Франсин пригласила Гоча к себе домой. Квартирка была у нее чуть побольше, чем у Невпруса, но книг меньше. Зато были всякие игрушки, вроде магнитофона, телевизора и даже видеомагнитофона. Но главное — в комнате у нее было очень холодно. Уступая просьбам Гоча, Франсин включила какой-то жиденький радиатор отопления, однако пожаловалась при этом, что она не может позволить себе отапливать комнату: отопление стоило очень дорого, дороже видеомагнитофона. О многих простых вещах она говорила, что не может себе позволить этого, и в конце концов Гочу стало ясно, что она не умирает только потому, что не может позволить себе расходов на похороны. Франсин подтвердила его догадку, сказав, что похороны здесь тоже очень-очень дорогие. Гоч вспомнил Фаю, которая тоже была занудной и бедной и которая каждую минуту говорила: «Что ж, я не могу себе позволить хотя бы такой малости?» И позволяла… Франсин сказала, что катания на горных лыжах она себе пока позволить не может. Бедняжка. Гочу стало жалко девушку из кинотеатра, и он обнял ее. Она была так добра к нему. Она пропустила его бесплатно в кино: сходить на выданные им деньги он себе позволить не мог — денег просто не хватило.

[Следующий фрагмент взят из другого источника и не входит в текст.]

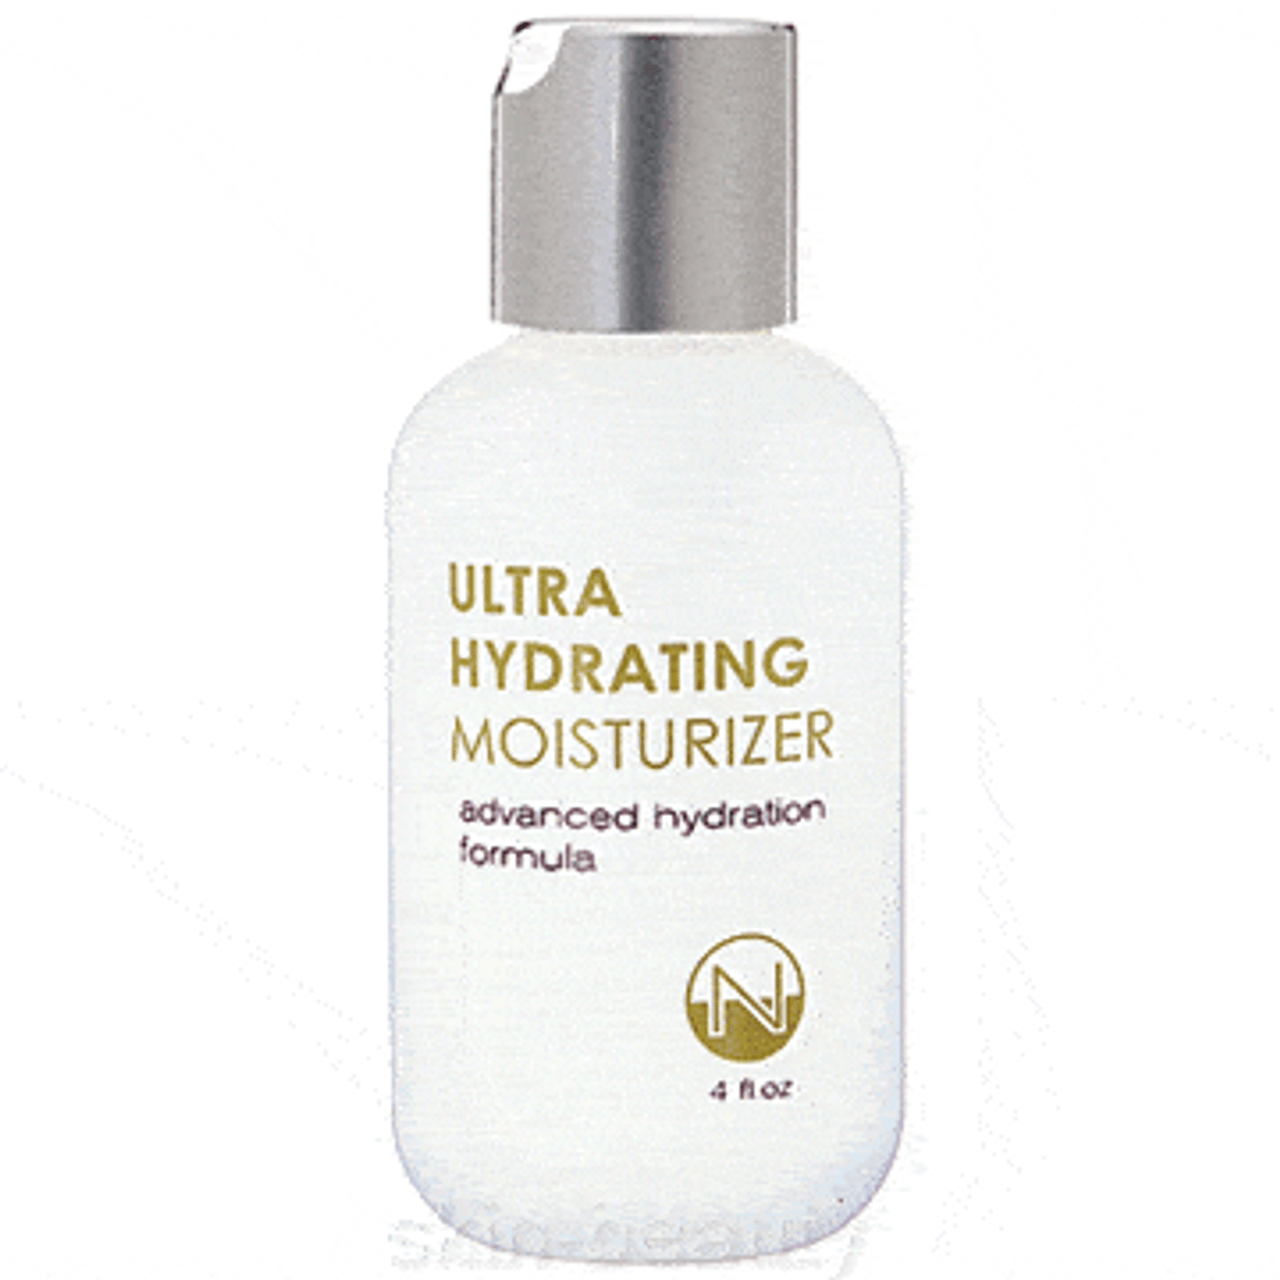 Skin-Beauty Ultra Hydrating Moisturizer - 4 oz

…Франсин сказала, что сначала надо принять душ и постелить постель. В душе у нее тоже было холодно, но в постели стало еще холодней. У Франсин оказалась замечательная грудь, однако о любви она не имела никакого представления. Залезая под одеяла, Гоч надеялся, что они сейчас согреются и почувствуют нежность друг к другу. Но Франсин потребовала, чтобы он двигался поживее. Она считала, что чем быстрее они будут двигаться, тем жарче будет их любовь. И при этом одеяло все время сползало с его спины… Эта Франсин, она была еще глупее, чем Фая, и еще задумчивей, чем Марина. Гоч с тоской вспоминал проводницу Шуру, а также маленькую жарко натопленную комнатку в Перхушкове, где хозяева позволяли себе топить печь беспрерывно. Правда, иногда из-за перегородки доносился выкрик хозяина: «Больно много себе позволяешь!» Однако это не имело никакого отношения ни к дровам, ни к расходам. Чаще всего это значило, что хозяйка стукнула его чем-нибудь тяжелым по голове, потому что характер у нее был просто отвратительный. Она, кажется, даже пила, а может быть, пил хозяин — через стенку разобраться в этом было трудно. Здесь, во Франции, тоже все пили, но пили как-то безрадостно, будто и не замечая вина. Казалось, что пьянство стало для них образом жизни и не доставляло им больше никакого удовольствия, а потому оно и не считалось здесь пороком. Исключение составляли здесь парижские клошары, но они были, пожалуй, слишком грязны, чтобы служить образцом процветания для такой культурной европейской нации. В остальном из всех здешних жителей они придерживались, конечно, наиболее рациональных взглядов: жизнь доставляла им максимум радости при минимальном количестве элементарных удобств и трудов (труды у большинства здешних людей уходили как раз на поддержание удобств). Гоч слышал, правда, еще разговоры о миллионерах и процветающих классах, о каких-то там хорошо одетых бизнесменах, но все бизнесмены и богачи, которых он видел, были люди перегруженные и озабоченные, так что даже праздничная одежда была на них как бы с чужого плеча.
Франсин повела его в гости к своей матери. Нестарая еще или просто молодящаяся мадам Фрудье приняла их с доброжелательством и даже радушием, в которых Гочу почудились отчего-то лишь явственно выраженное любопытство (с кем же, интересно, теперь спит малышка Франсин?) и все тот же неодолимый холод. Холодными были родственные объятия, поцелуи, ослепительные улыбки. Настороженно-холодными и отстраненными были взаимные расспросы о жизни (упаси Боже, не пришлось бы вмешаться или помочь). Таким же настороженно-холодным был интерес мамаши к экзотическому гостю (уж Гоч-то умел различить холод и знал цену теплу!). И что самое отвратительное, гостиная, в которой их угощали обедом, была едва ли теплее покойника.